Author: James D. Chlovechok, M.D.
Cambridge Publishing
ISBN 0-9760820-0-4

The following review was contributed by: SHELDON (SHELLY) WAXMAN & click to view Shelly's reviews.
You would think that with the title page, the author’s sports medical background, the cover showing pills, and the plugs on the cover and back that this would be a novel about the use of performance enhancing drugs in sports. Wrong.
It is not until page 210 before you get to what you were made to believe the book was about. Up until then all you get is a complicated, disconnected and confusing story line with way too many subplots. There are too many characters doing too many things. It is difficult reading.
The book starts out with the arrest and jailing of a professional football player who went berserk and badly beat up a policeman. He had been taking a secret undetectable performance-enhancing drug. The drug is called—you guessed it, didn’t you—“game face.” The many murders that follow are about an internecine war among many characters in attempts to continue keeping the drug a secret.

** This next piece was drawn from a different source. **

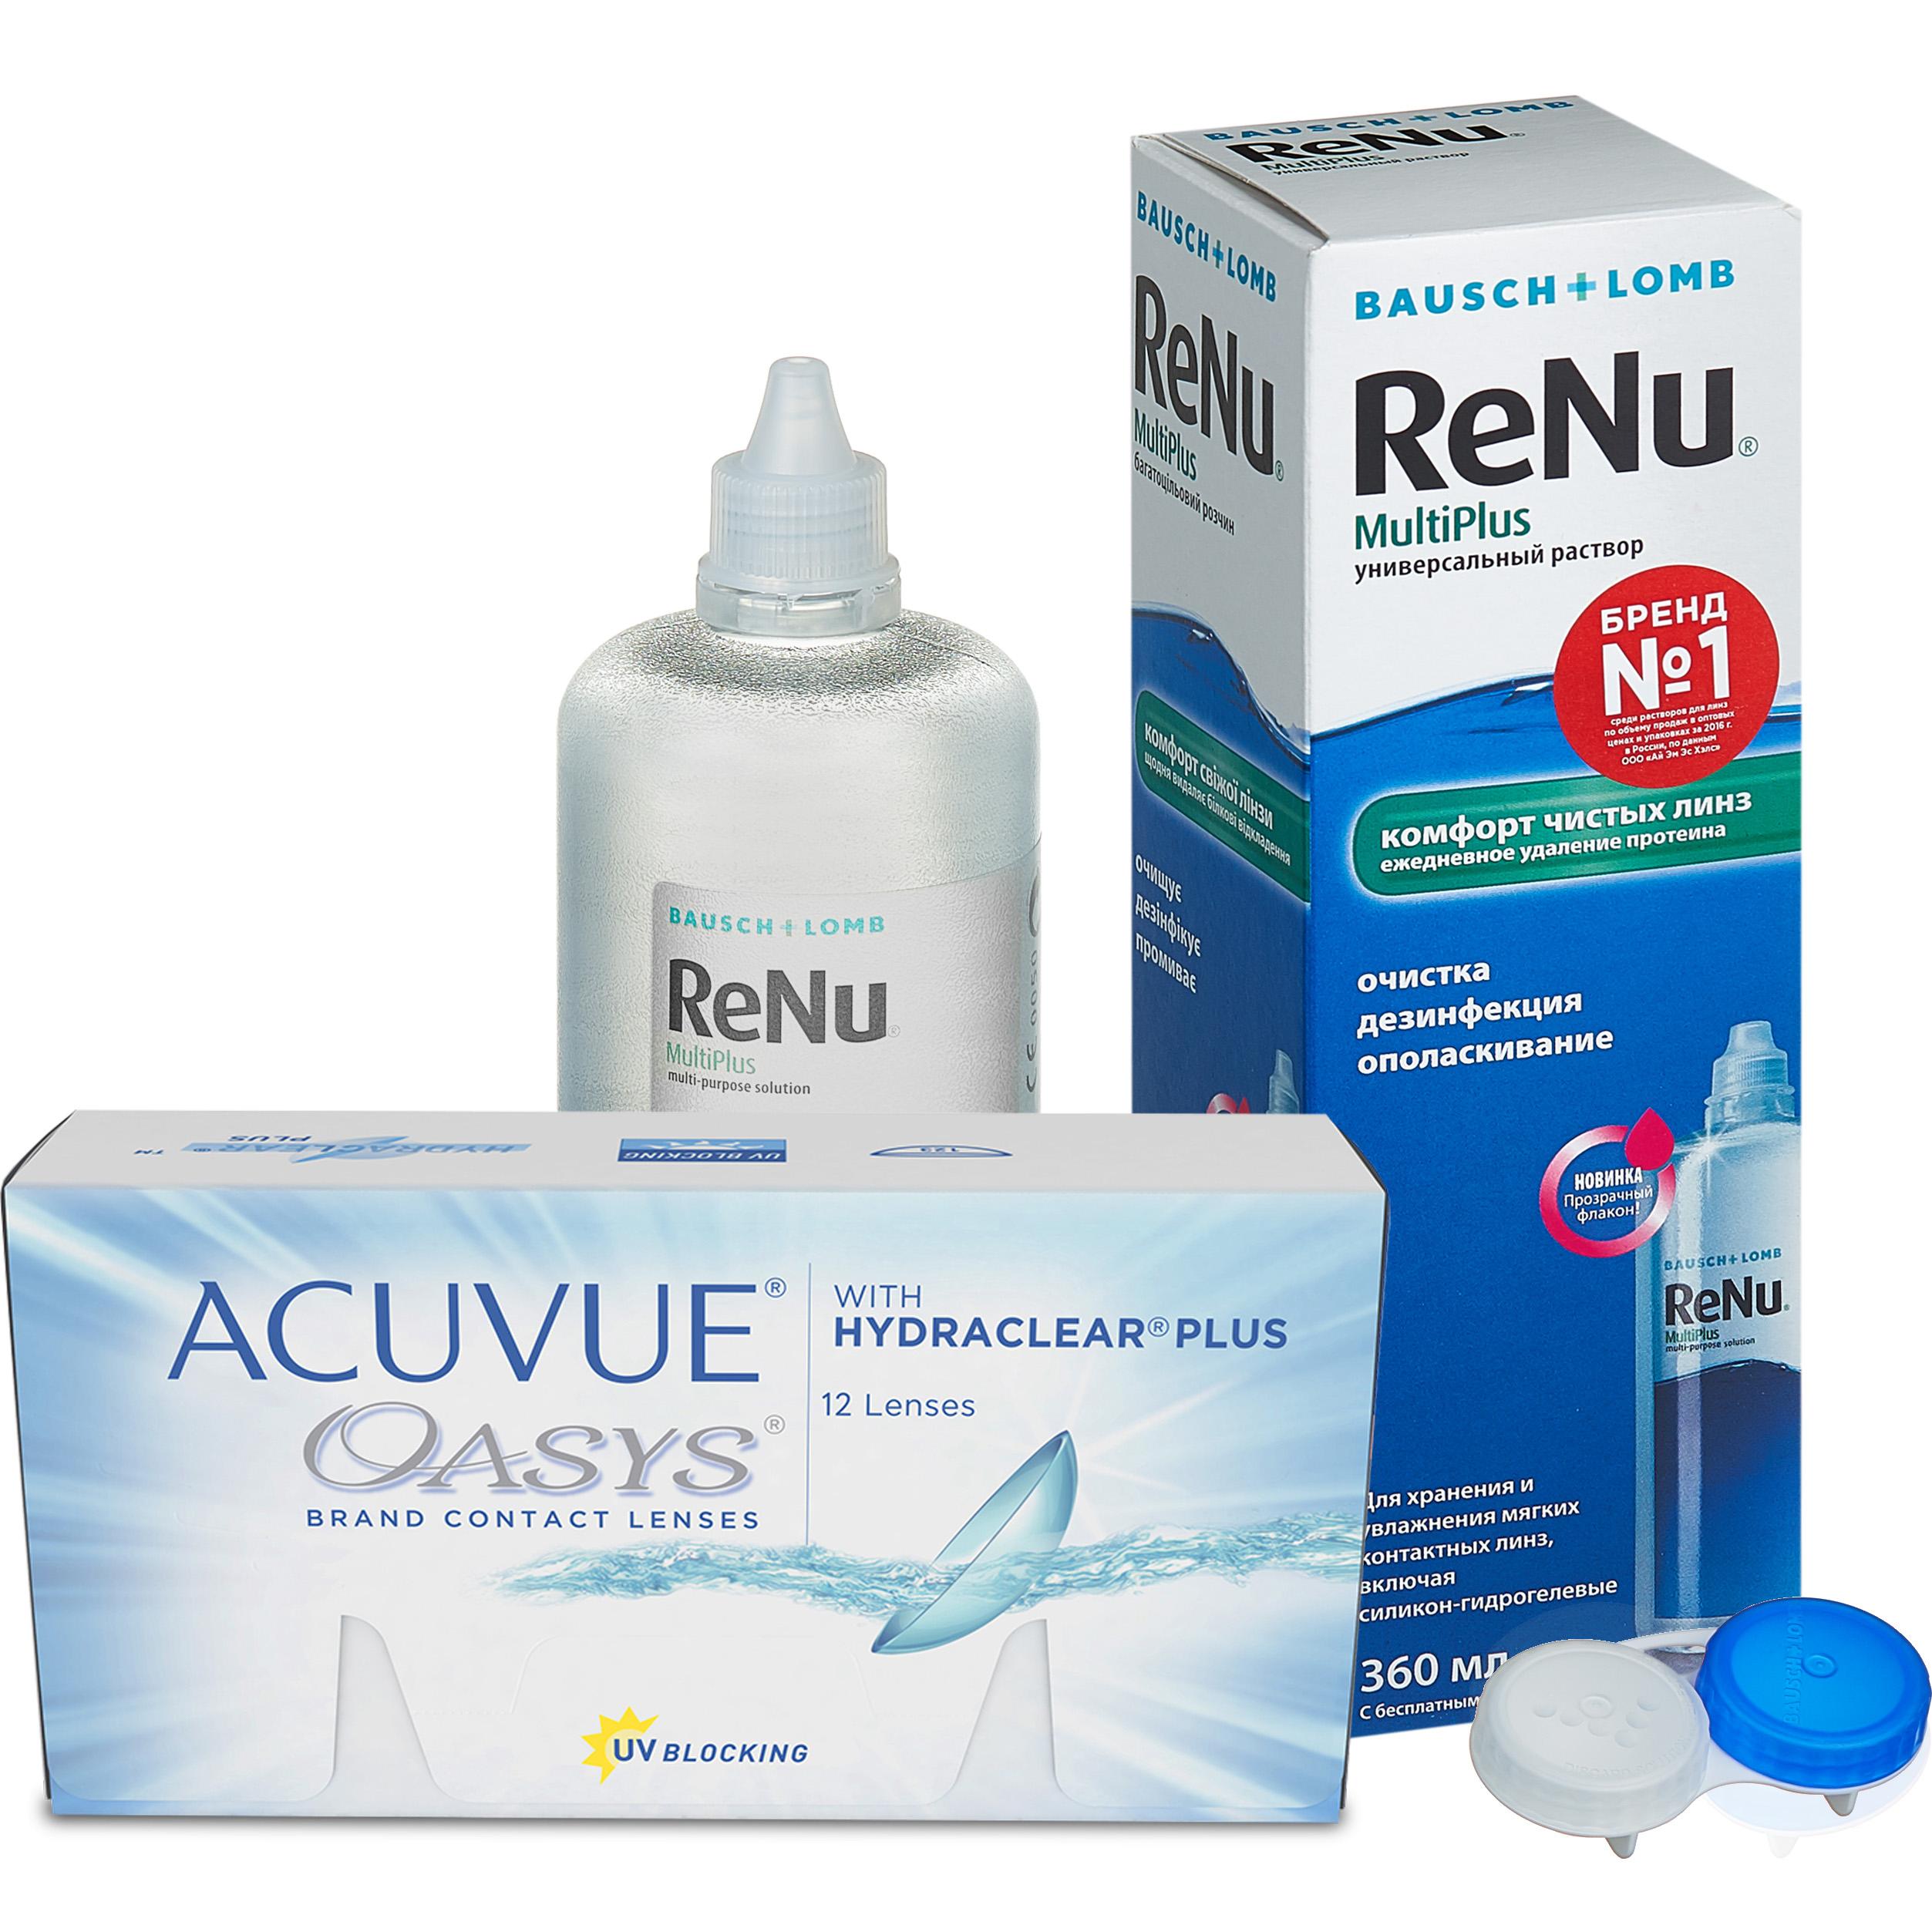 Купить Oasys with Hydraclear Plus 12 линз + ReNu MultiPlus, Линзы Acuvue Oasys with Hydraclear Plus 12 линз R 8.8 +0, 25 + ReNu Multi Plus 360 мл

But at page 215 we learn that the drug is a fake and it is all a big fraud—one that impelled the gang’s warfare because they were making so much money selling it. Dilemma.
If it’s a fake, it can’t be used as the cause of the football player’s bad behavior.
Dilemma solved. They blame it on alcohol and the football player is released to a rehab program and let go to play ball. That’s it in a nutshell.
The story is long and boring. Sometimes a book is not what it appears to be. This is such a book.